In 2015, Mondelēz told the BCTGM union it would spend $130 million to install new production lines at its new bakery Mexico, and close nine of its 16 production lines in Chicago. Nabisco has been making some products at a plant in Monterrey, Mexico, since 2003. In 2014, it opened a $350 million plant outside of Monterrey, while closing plants in Philadelphia and Toronto.

The immense new facility sits in an industrial park in the desert, an hour from Monterrey city limits and 120 miles from the U.S. Mexican border. IWJ said workers are bused to and from the bakery, which is surrounded by fencing, and earn just a little over a dollar an hour.

“Mondelēz-Nabisco has come to treat its workers just the same way they would the other commodities that go into Oreos, such as cocoa, sugar, flour, and so on,” IWJ says in the report. “We found this to be one of the clearest demonstrations of how the company has broken faith with its workers, and by extension … with consumers.”

Mondelēz-Nabisco also broke faith with the communities that supported it, IWJ said: downsizing after taking in over $91 million in public subsidies going back as far as 1993.

Why devastate workers and communities?
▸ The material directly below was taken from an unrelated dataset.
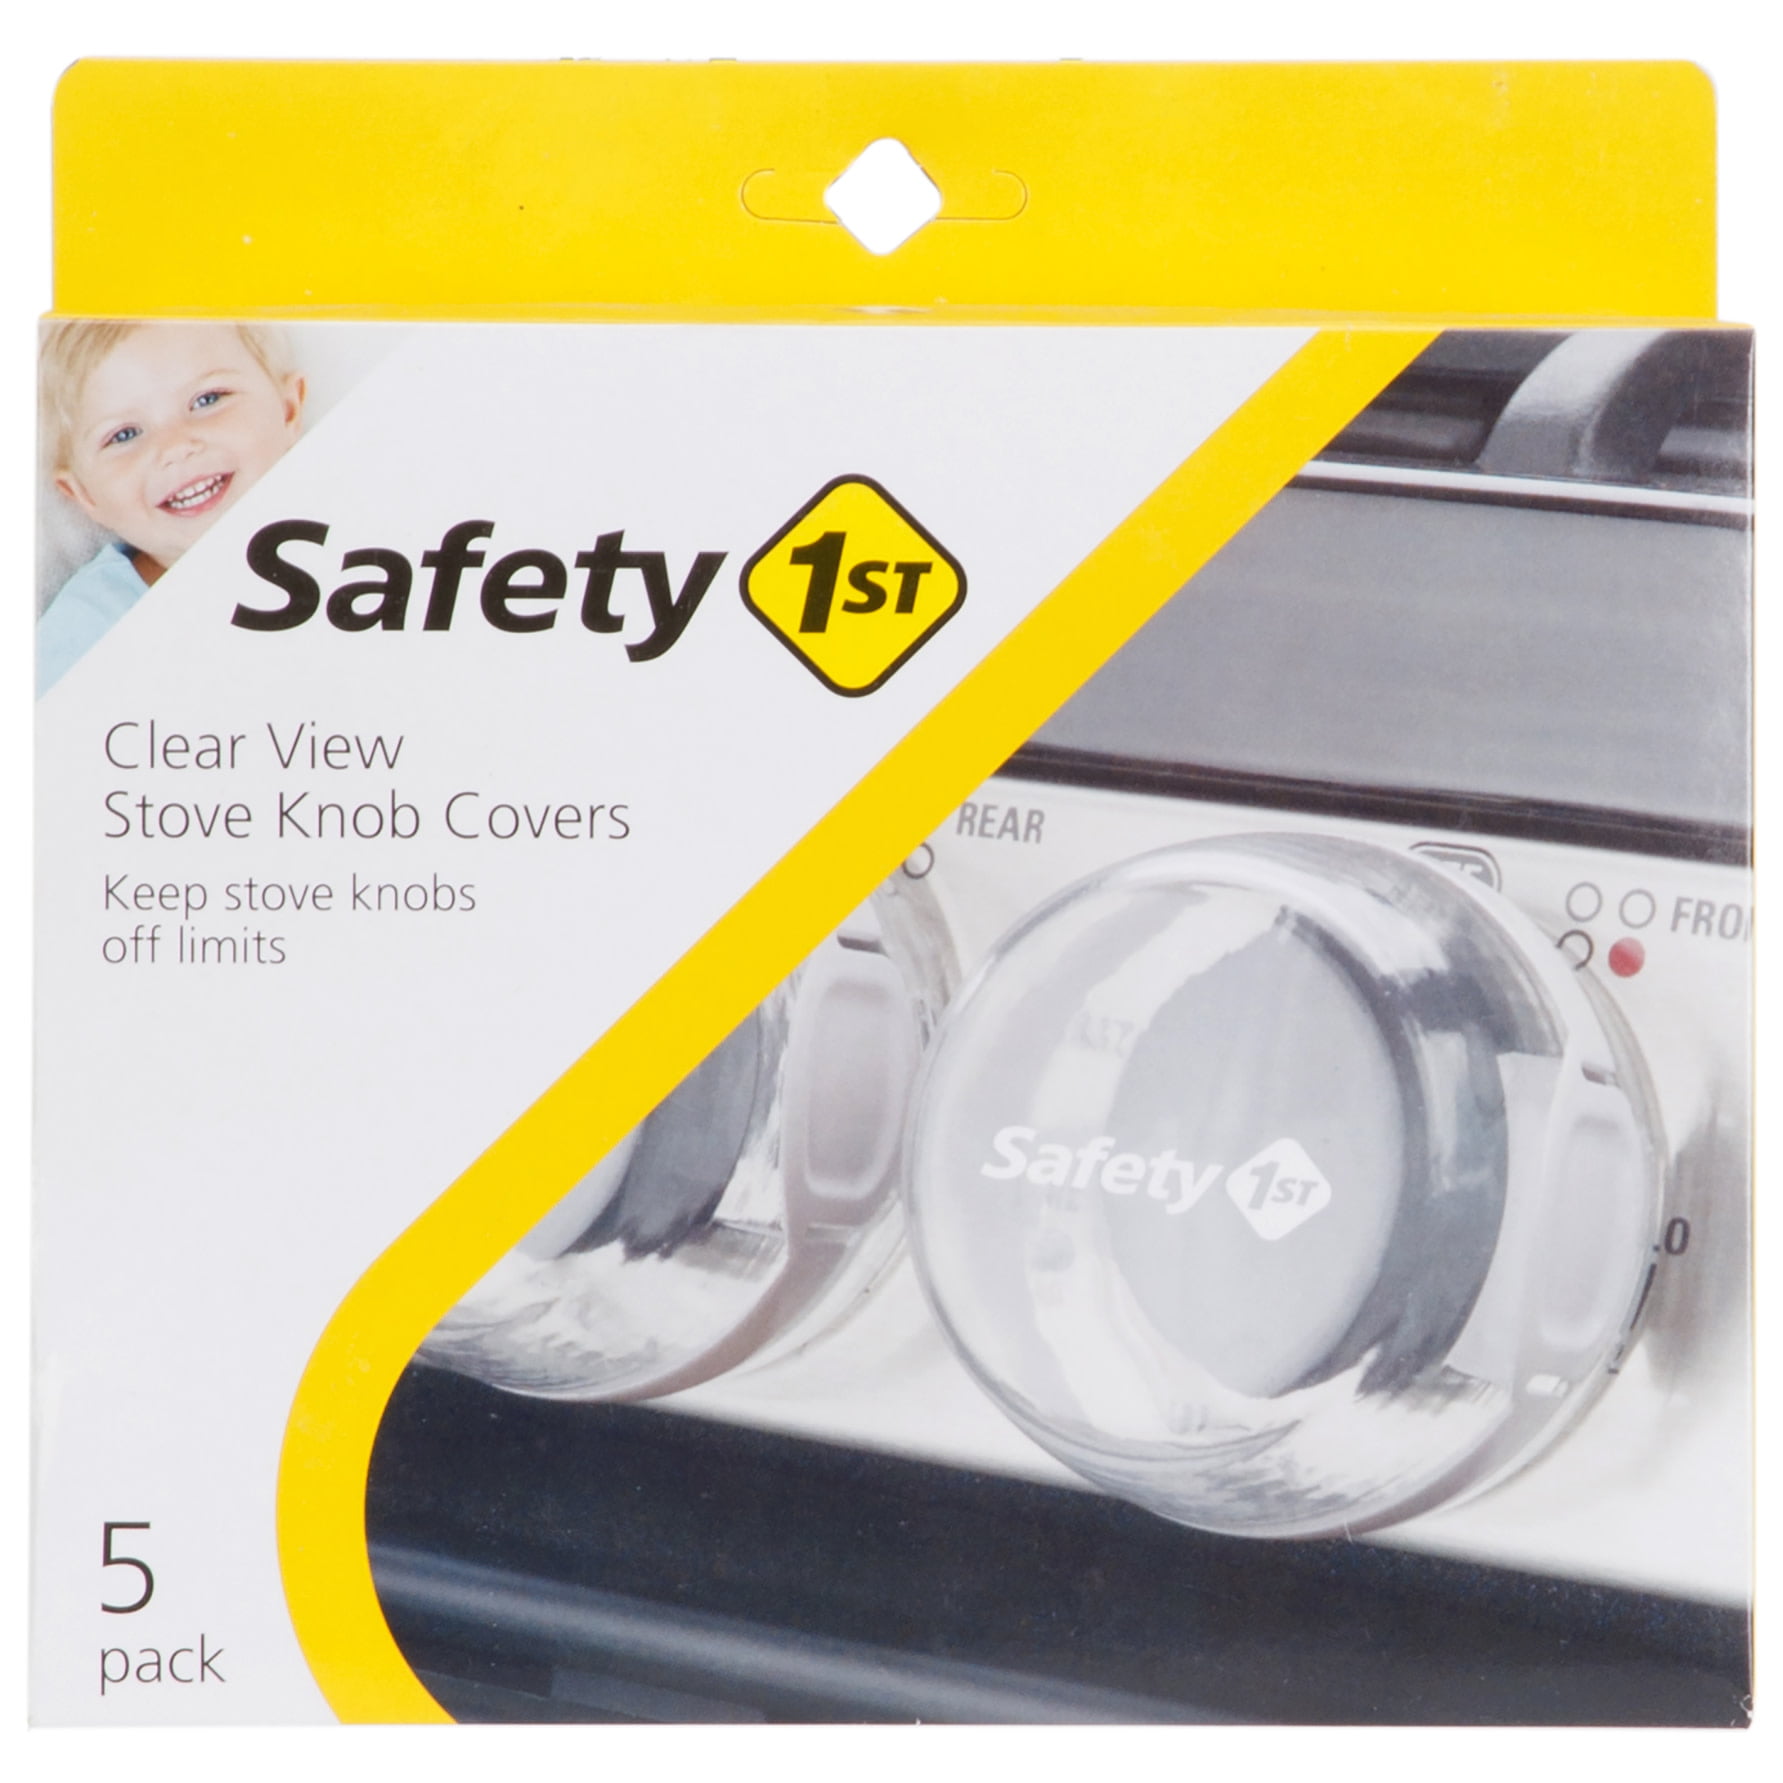 Stove Knob Burner Covers Child Proof Guard Safety First Stove Oven Knob Covers for Child Safety Transparent Gas Oven Stove Knob Childproof Safety Covers 6 Pack Stove Baby Proof Knobs 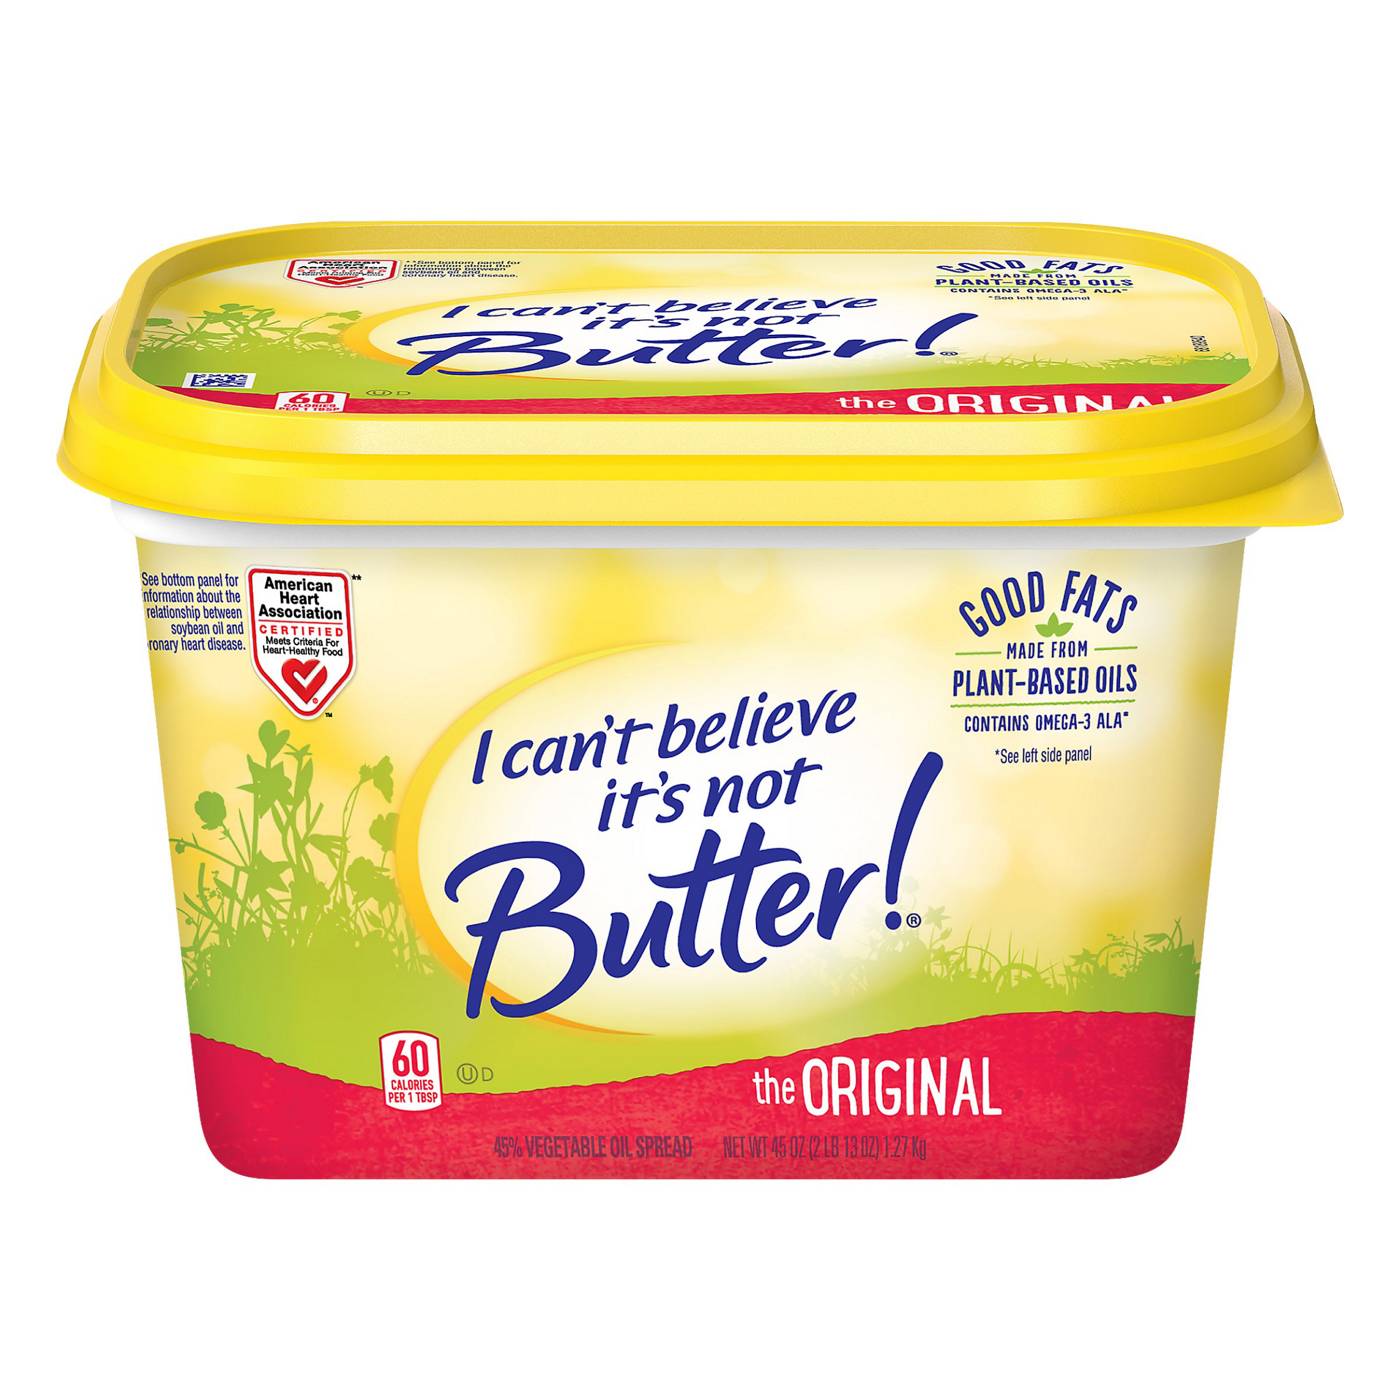 I Can't Believe It's Not Butter! Original Spread; image 4 of 12

To pay obscene compensation to those making the decisions, IWJ concluded.  Former Mondelēz-Nabisco CEO Irene Rosenfeld made more than $185 million in the last nine years and is leaving the company with a $35 million personal pension, $50 million severance and over $70 million in additional stock options. Incoming CEO Dirk Van de Put stands to make $55 million in his first year.